## DATA TO EXAMINE
Content starts

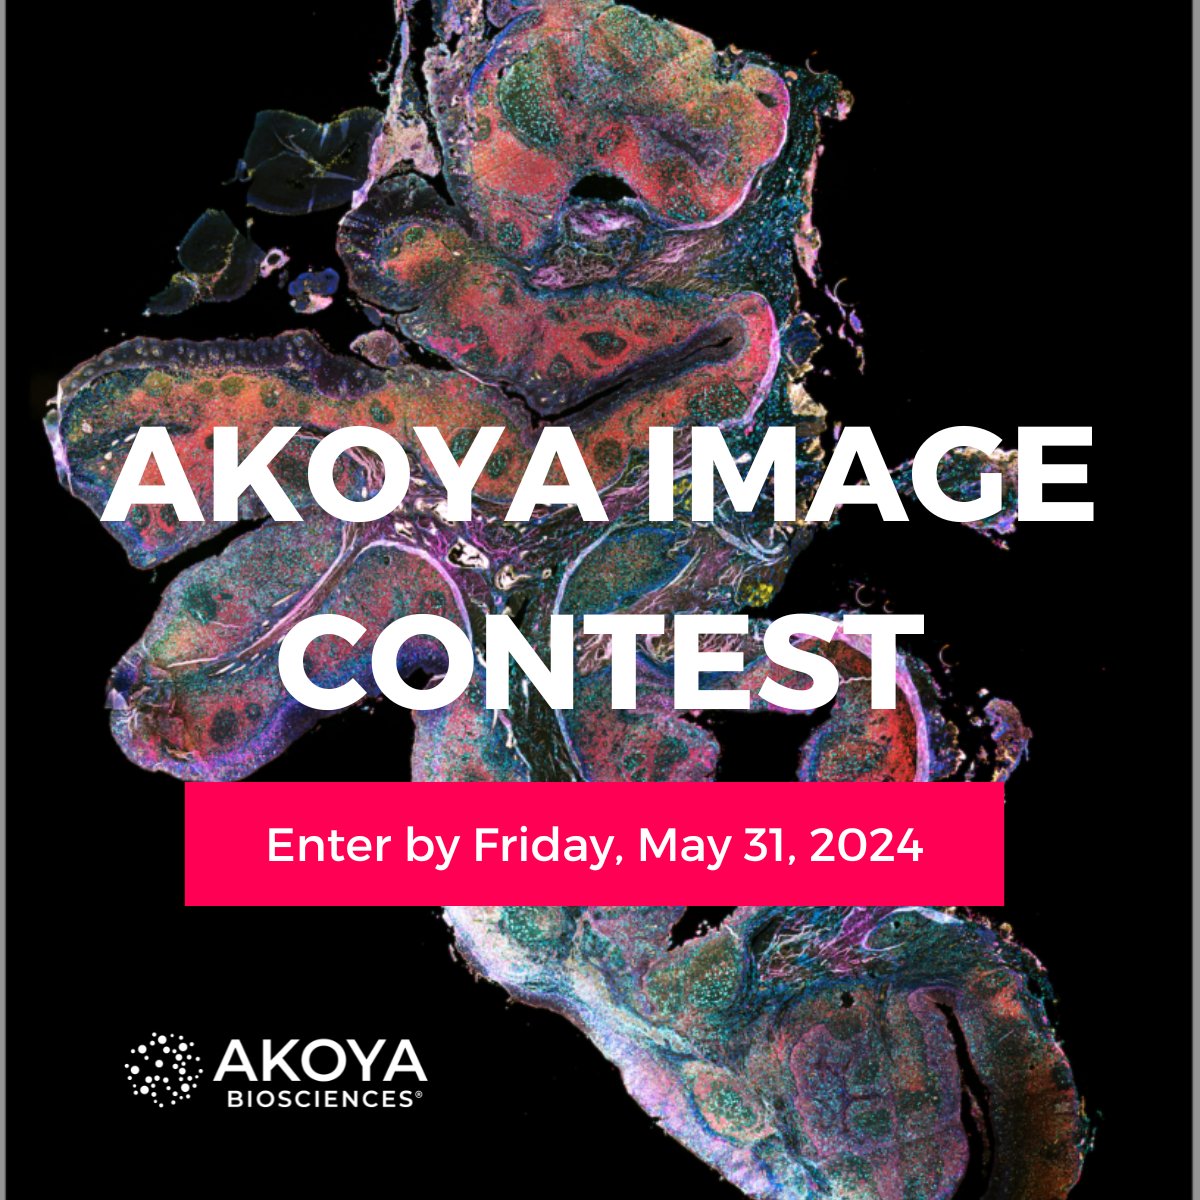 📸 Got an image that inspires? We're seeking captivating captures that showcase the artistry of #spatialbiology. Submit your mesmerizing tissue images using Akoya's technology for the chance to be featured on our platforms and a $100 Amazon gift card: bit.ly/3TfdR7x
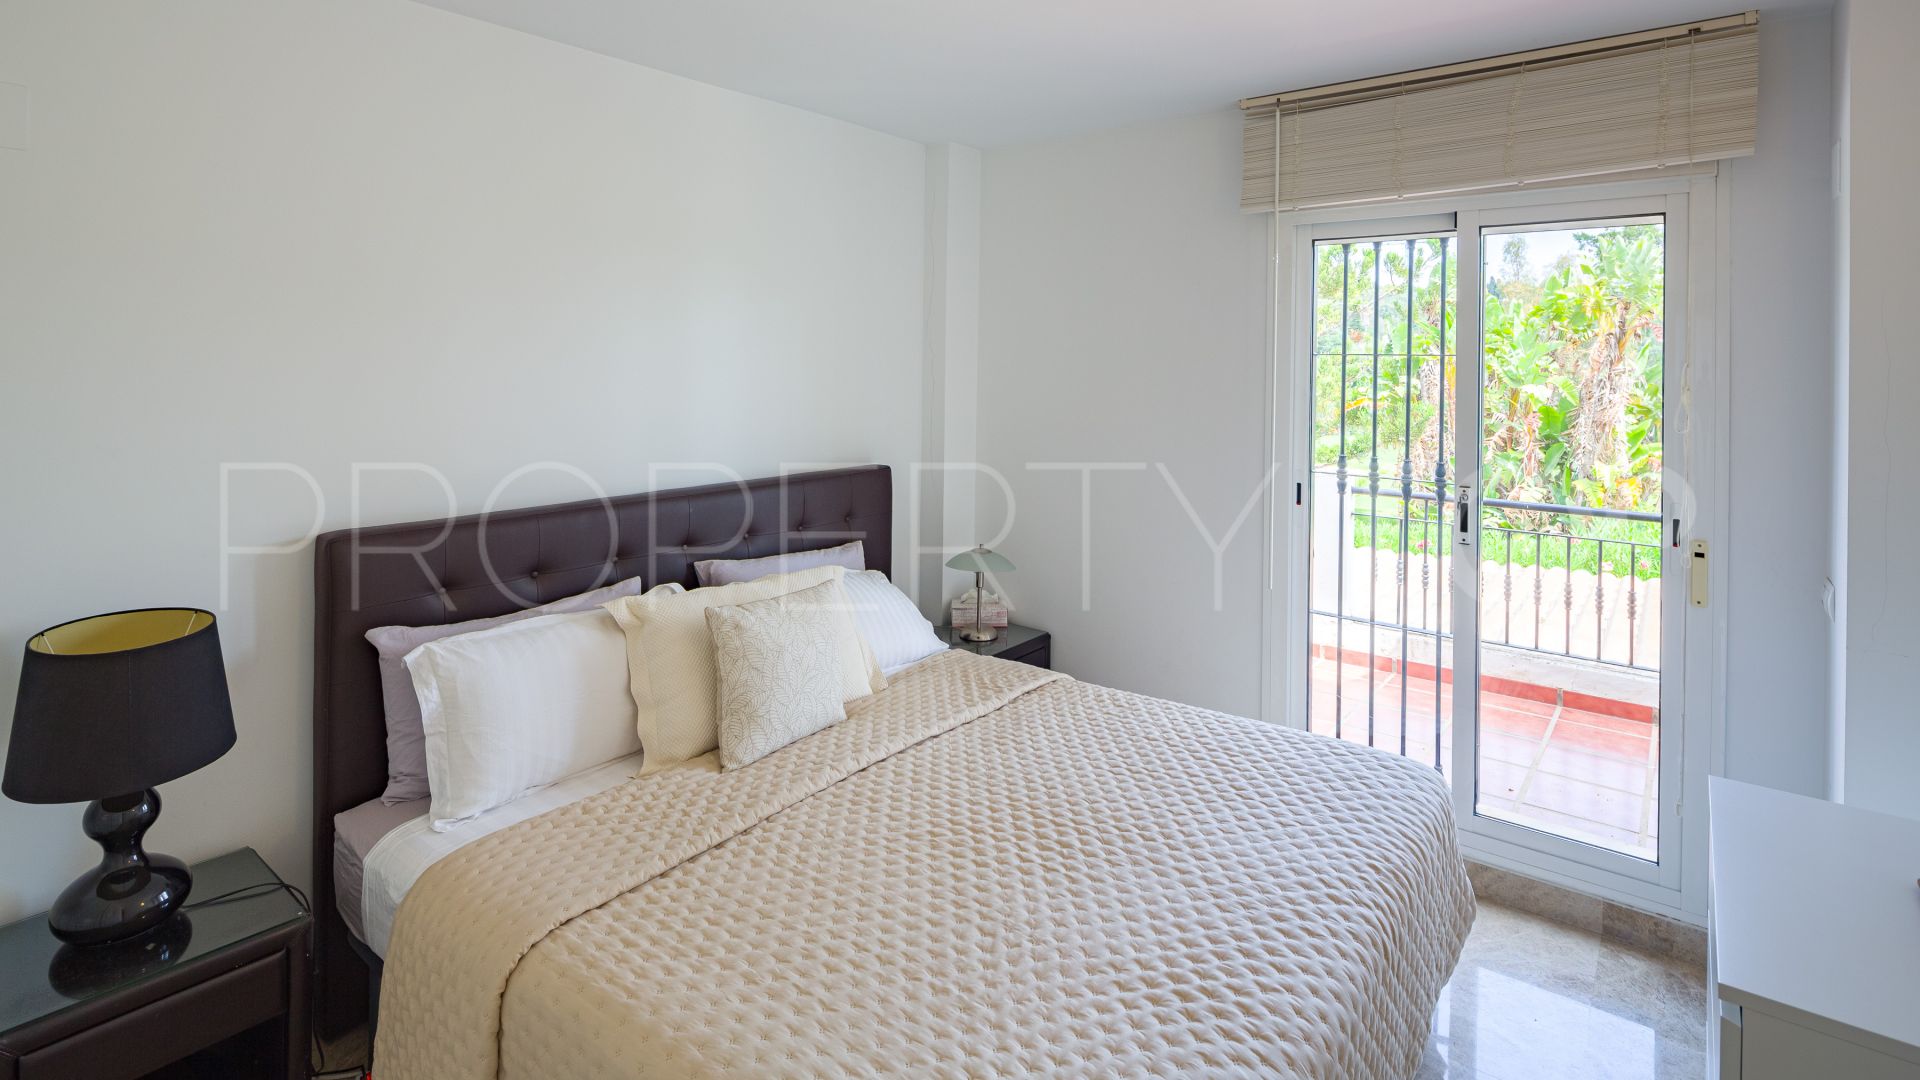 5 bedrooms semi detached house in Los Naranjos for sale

Content ends
Content starts

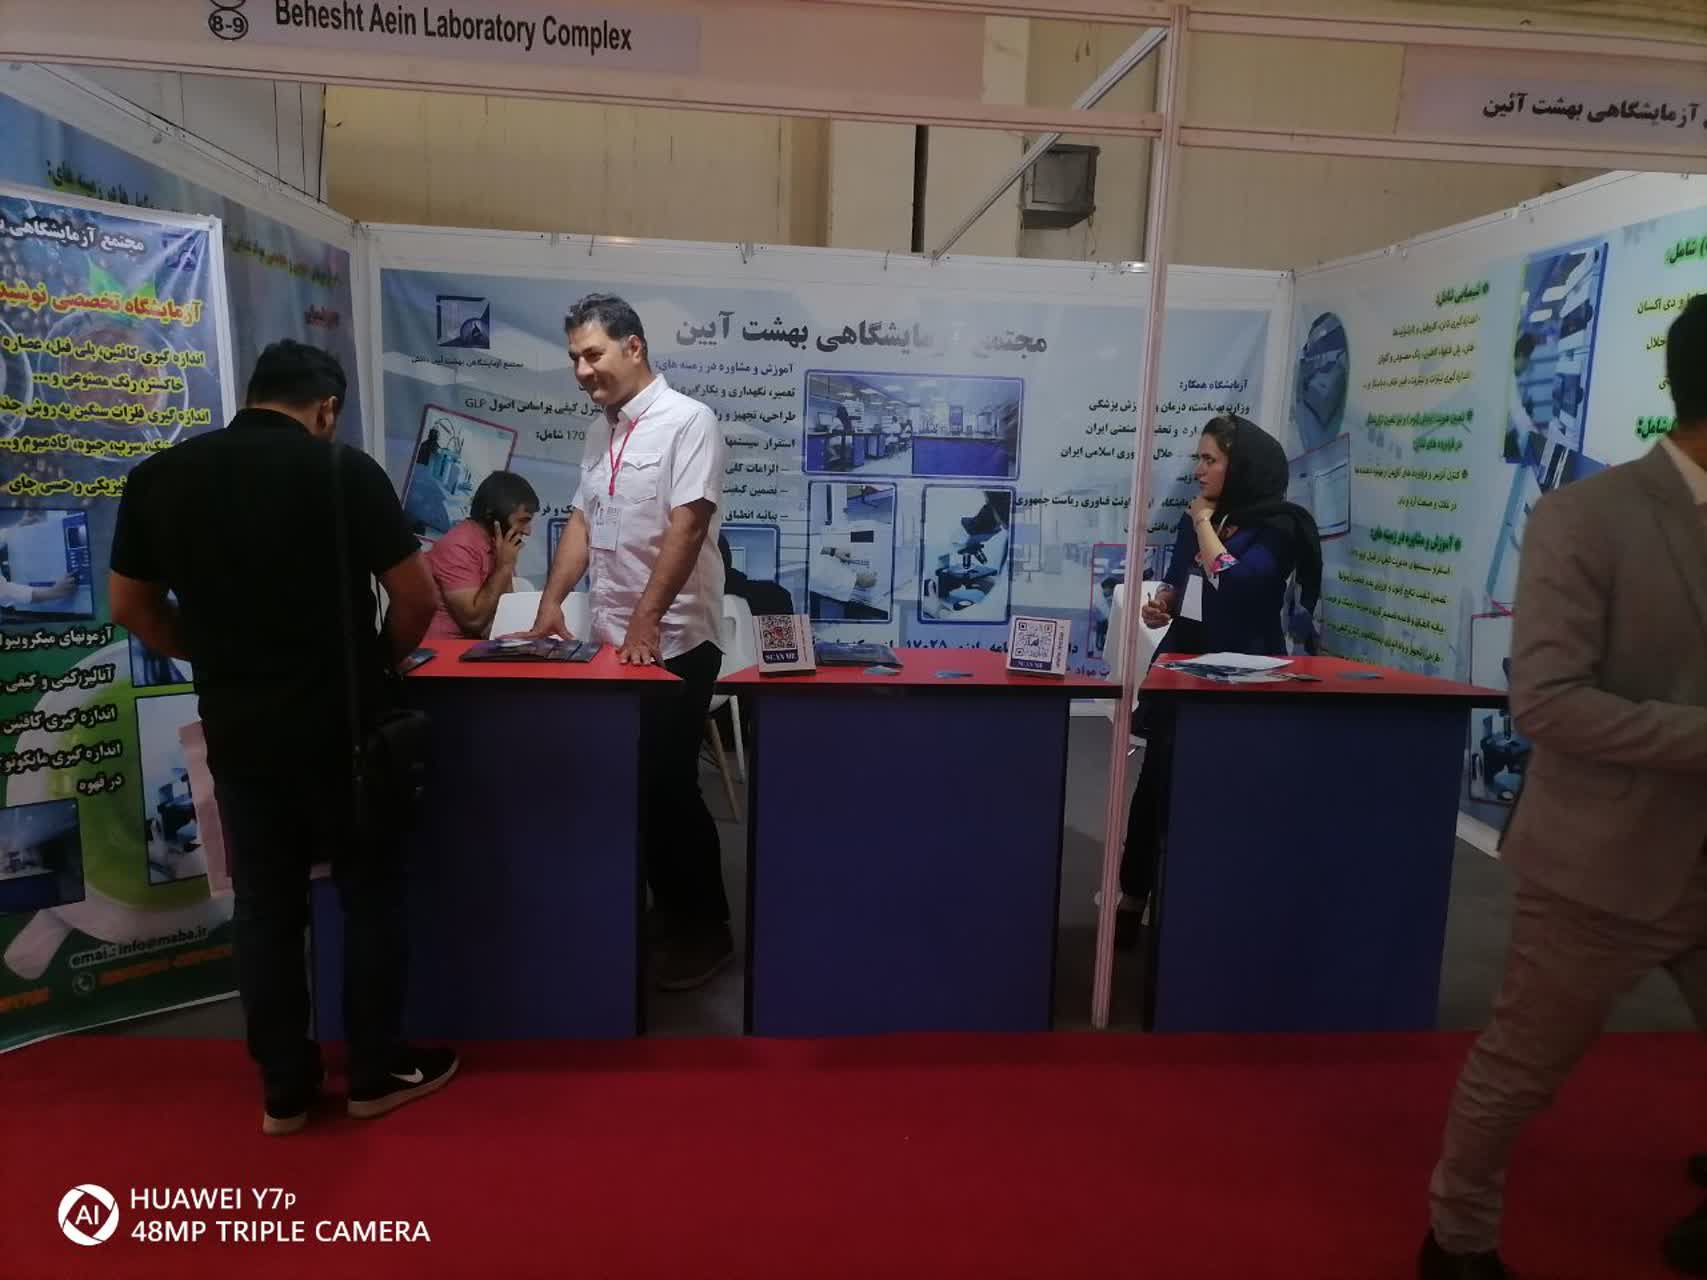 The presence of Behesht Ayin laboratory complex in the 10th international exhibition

Content ends
Content starts

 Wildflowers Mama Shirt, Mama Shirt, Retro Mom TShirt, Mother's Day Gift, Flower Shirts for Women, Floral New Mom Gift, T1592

Content ends

## ACTION ITEM
Each line above starting at the one holding "gift card: bit.ly/3TfdR7x" and ending at the one holding "5 bedrooms semi" should be set down exactly as it stands, both ends included, with no pictures.

## TASK OUTPUT
 📸 Got an image that inspires? We're seeking captivating captures that showcase the artistry of #spatialbiology. Submit your mesmerizing tissue images using Akoya's technology for the chance to be featured on our platforms and a $100 Amazon gift card: bit.ly/3TfdR7x
 5 bedrooms semi detached house in Los Naranjos for sale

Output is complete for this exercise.